Moon rocks found in Antarctica include tiny amounts of gas that may have come from Earth

Plenty in the report :) I read an earlier review and pass along some notes I made on the report.


Reference paper, Indigenous noble gases in the Moon’s interior, https://www.science.org/doi/10.1126/sciadv.abl4920, 10-August-2022.

"Abstract The origin of volatiles in the Moon’s interior is debated. Scenarios range from inheritance through a Moon-forming disk or “synestia” to late accretion by meteorites or comets. Noble gases are excellent tracers of volatile origins. We report analyses of all noble gases in paired, unbrecciated lunar mare basalts and show that magmatic glasses therein contain indigenous noble gases including solar-type He and Ne. Assimilation of solar wind (SW)–bearing regolith by the basaltic melt or SW implantation into the basalts is excluded on the basis of the petrological context of the samples, as well as the lack of SW and “excess 40Ar” in the magmatic minerals. The absence of chondritic primordial He and Ne signatures excludes exogenous contamination. We thus conclude that the Moon inherited indigenous noble gases from Earth’s mantle by the Moon-forming impact and propose storage in the incompatible element-enriched (“KREEP”)"

My observations. There is plenty to chew on in this paper. The lunar magma ocean lasts *thousands to millions of years*, other reports 200 million years after the giant impact. The six samples were considered blasted off the Moon and took 35,000 years in space to reach Earth. The ages were about 3 x 10^9 years old. However, the cosmic ray exposure ages range about 63 to 64 million years old. See "Cosmic ray exposure and source-crater pairing", "The minimum average shielding depth and respective production rates (Supplementary Text) yield a minimum cosmic ray exposure (CRE) age of 63 ± 9 million years (Ma) based on 126Xecos and 64 ± 5 Ma based on 78Krcos and, accordingly, higher ages at larger depths (table S11).

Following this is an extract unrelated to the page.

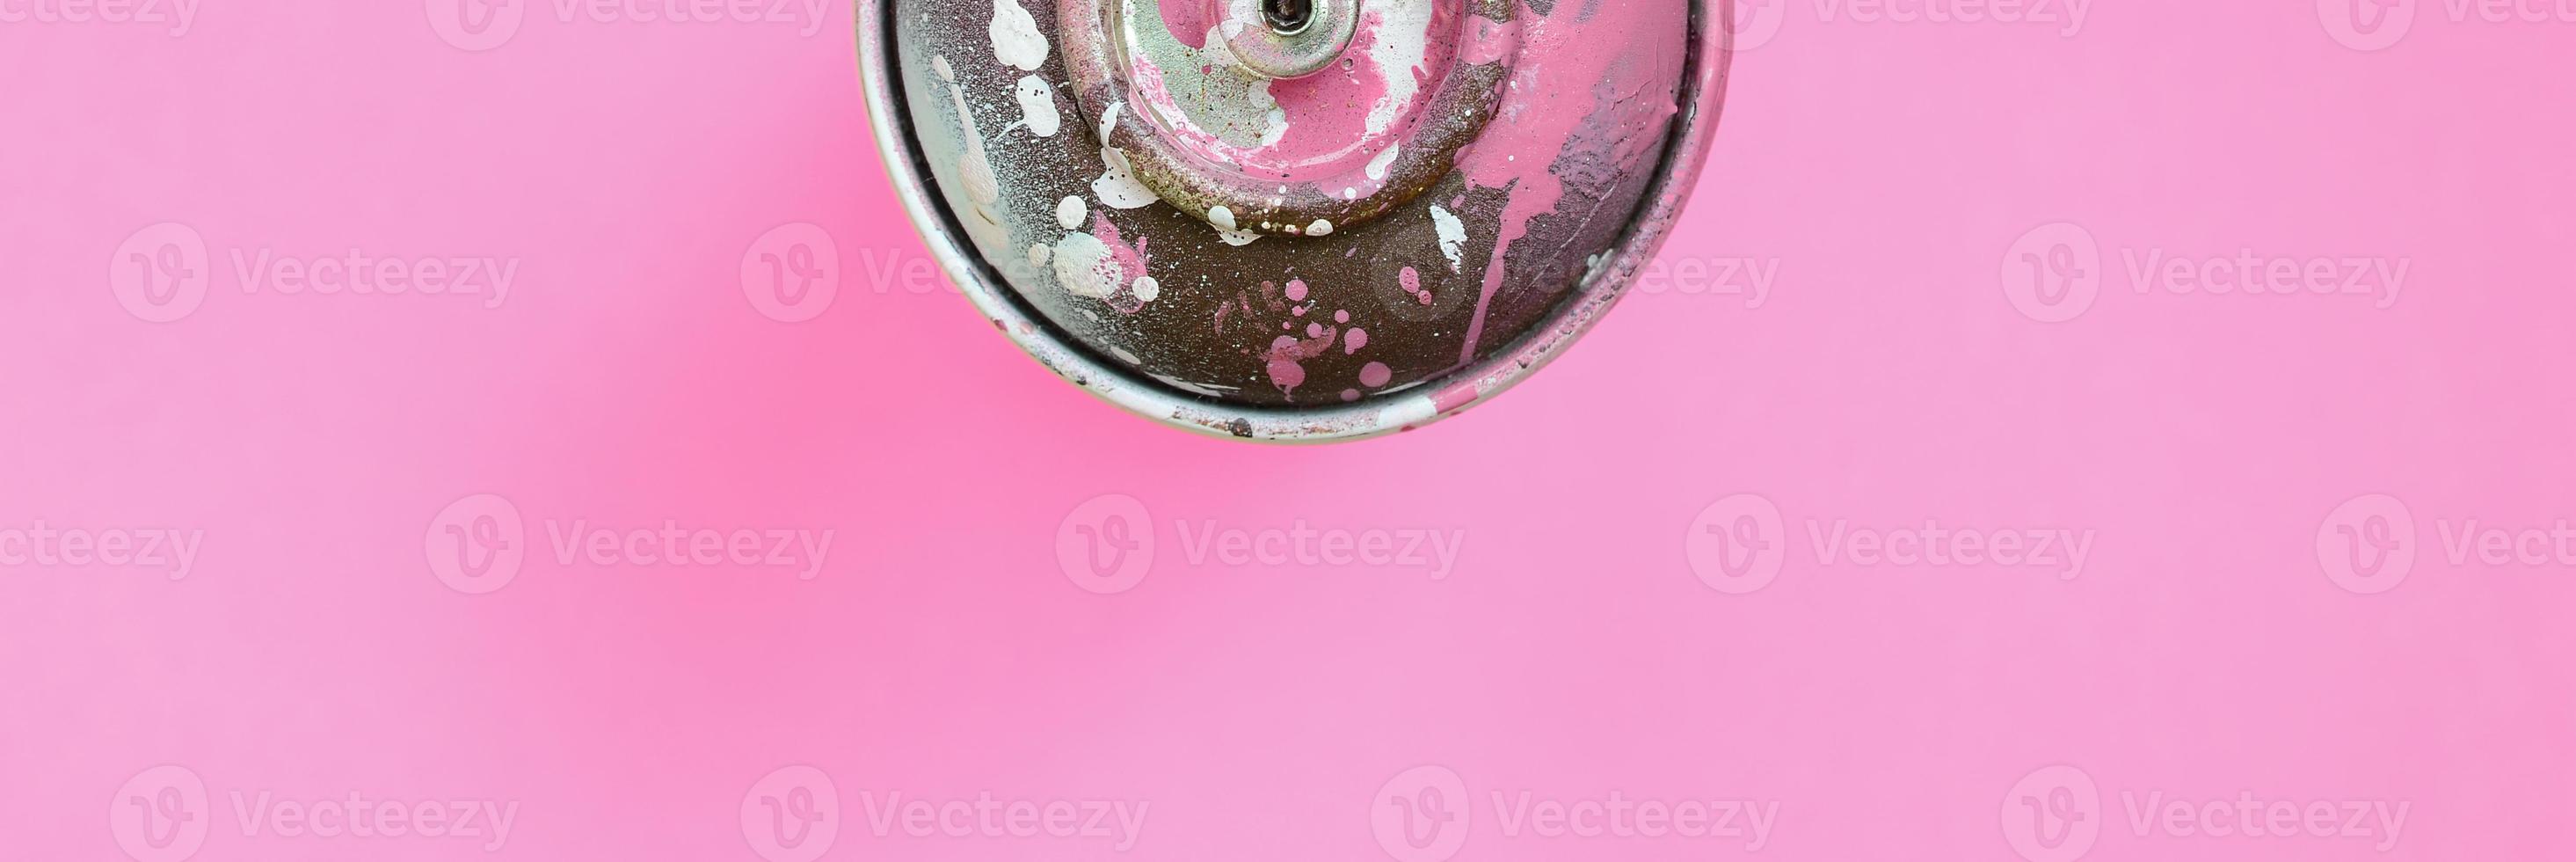 Used spray can with pink paint drips lie on texture background of fashion pastel pink color paper in minimal concept photo

In any case, the similar CRE ages of all LAP basalts reveal that they experienced the same exposure history. Given their magmatic age of ~3 Ga [e.g., (22)], the LAP basalts were mostly shielded from cosmic rays [depth > 5 m (35)] in agreement with their origin from a depth of ~10 m within a lava flow proposed in (25). The basalts originated from the same shielding depth within a lava flow and were ejected as one rock by the same launching impact (source-crater pairing)."…"

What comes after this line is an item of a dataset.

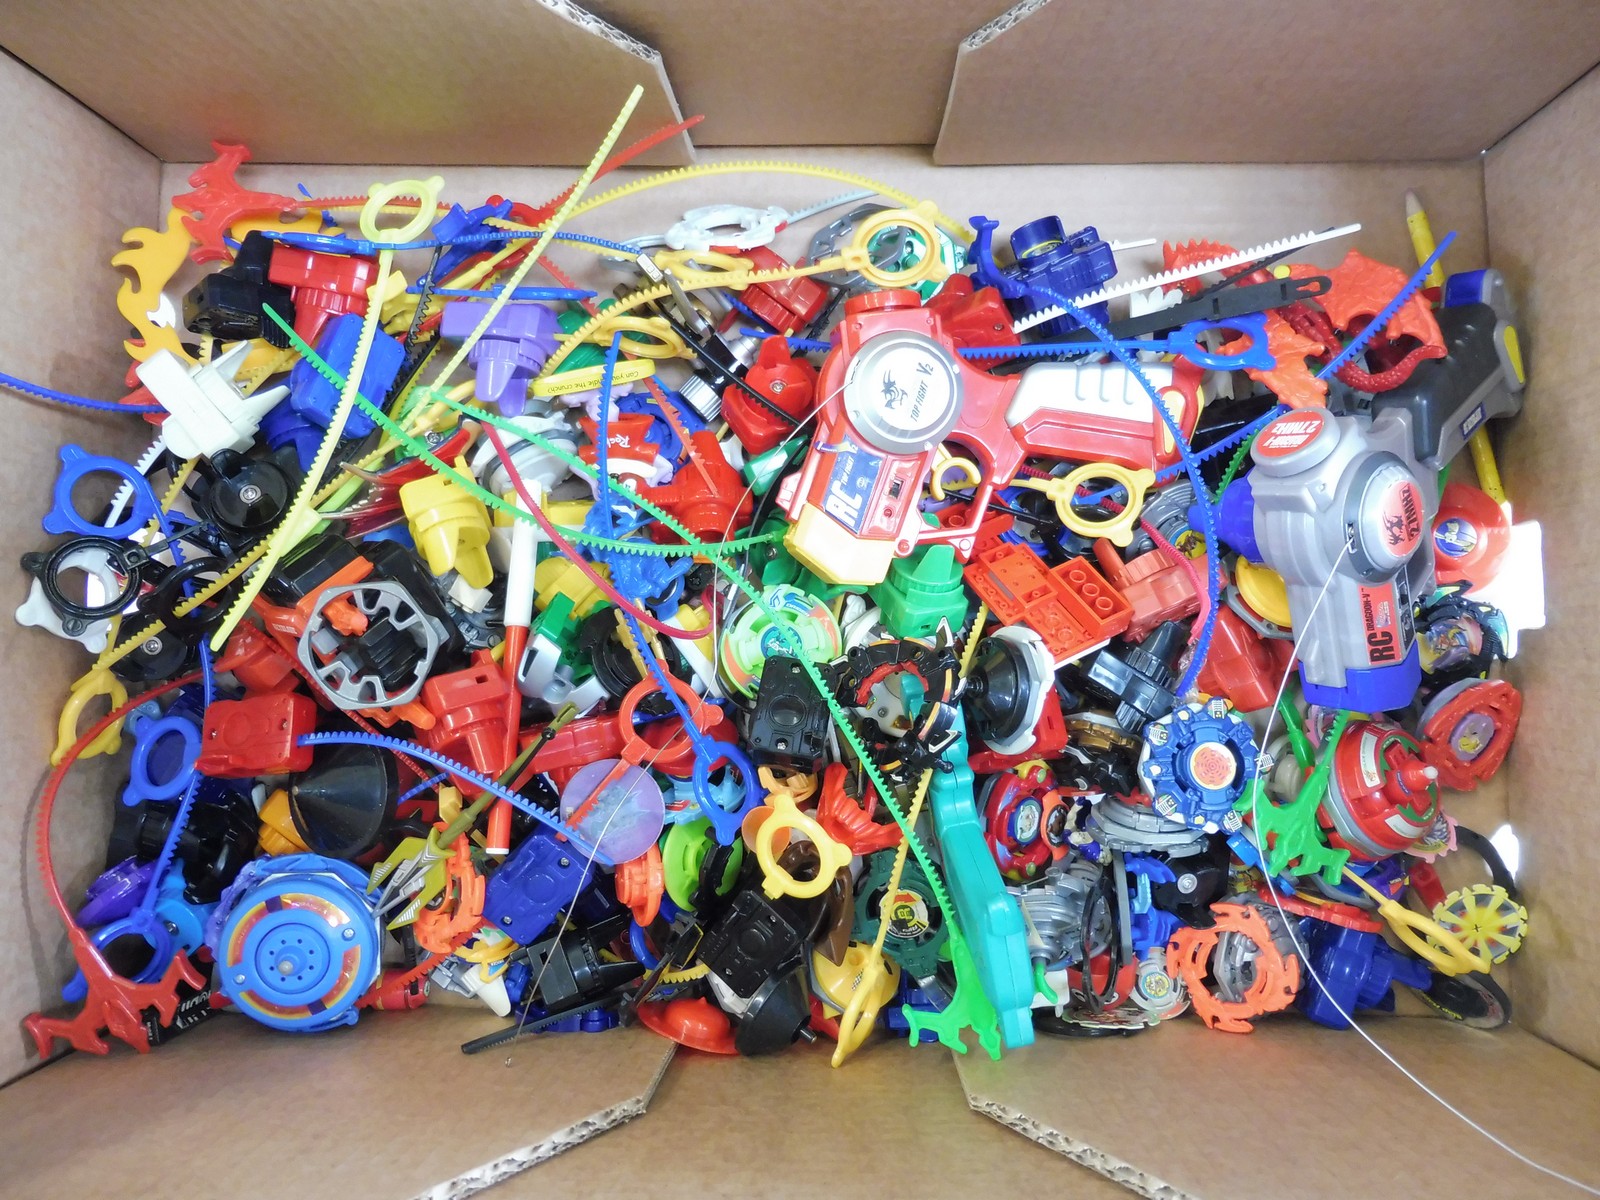 A large quantity of radio controlled Top Flight plastic spinners.

My note. I found 8 references to *synestia* used in the report. As the paper states to explain noble gas in the Moons interior, "Incorporation of the solar-type noble gases into the Moon We envision two scenarios that could account for the presence of solar-type noble gases in the Moon’s interior. In the first scenario, the LMO that solidified up to a few millions of years after the Moon-forming event (18) could provide a time window for mixing impactor material into the lunar mantle…"In the second scenario, the Moon accreted from a circumterrestrial debris disk or synestia, which contained terrestrial mantle and possibly impactor material ejected by the giant impact (1–5)."

So, six meteorite samples are said to be blasted off the Moon and show support for the giant impact model now. The ages for the samples are said to be about 3 Gyr while CRE ages much younger about 63 to 64 Myr while travel time to Earth about 35,000 years. The space.com report states, "One version of the giant impact theory proposes that a protoplanet called Theia smashed into Earth around 4.5 billion years ago, about 60 million years after the Earth itself formed."

Some reports I have on the giant impact date the impact with Theia to about 4.45 or 4.43 Gyr, some 100 Myr after the Earth is said to form in the protoplanetary disc. The Moon's magma ocean could cool for another 200 Myr after the giant impact. The origin of Theia and its exact location in the protoplanetary disc relative to the early, proto-Earth position in the disc before the giant impact must be worked out in detail too. So too the spin rates of both bodies, the Earth-Moon angular momentum problem.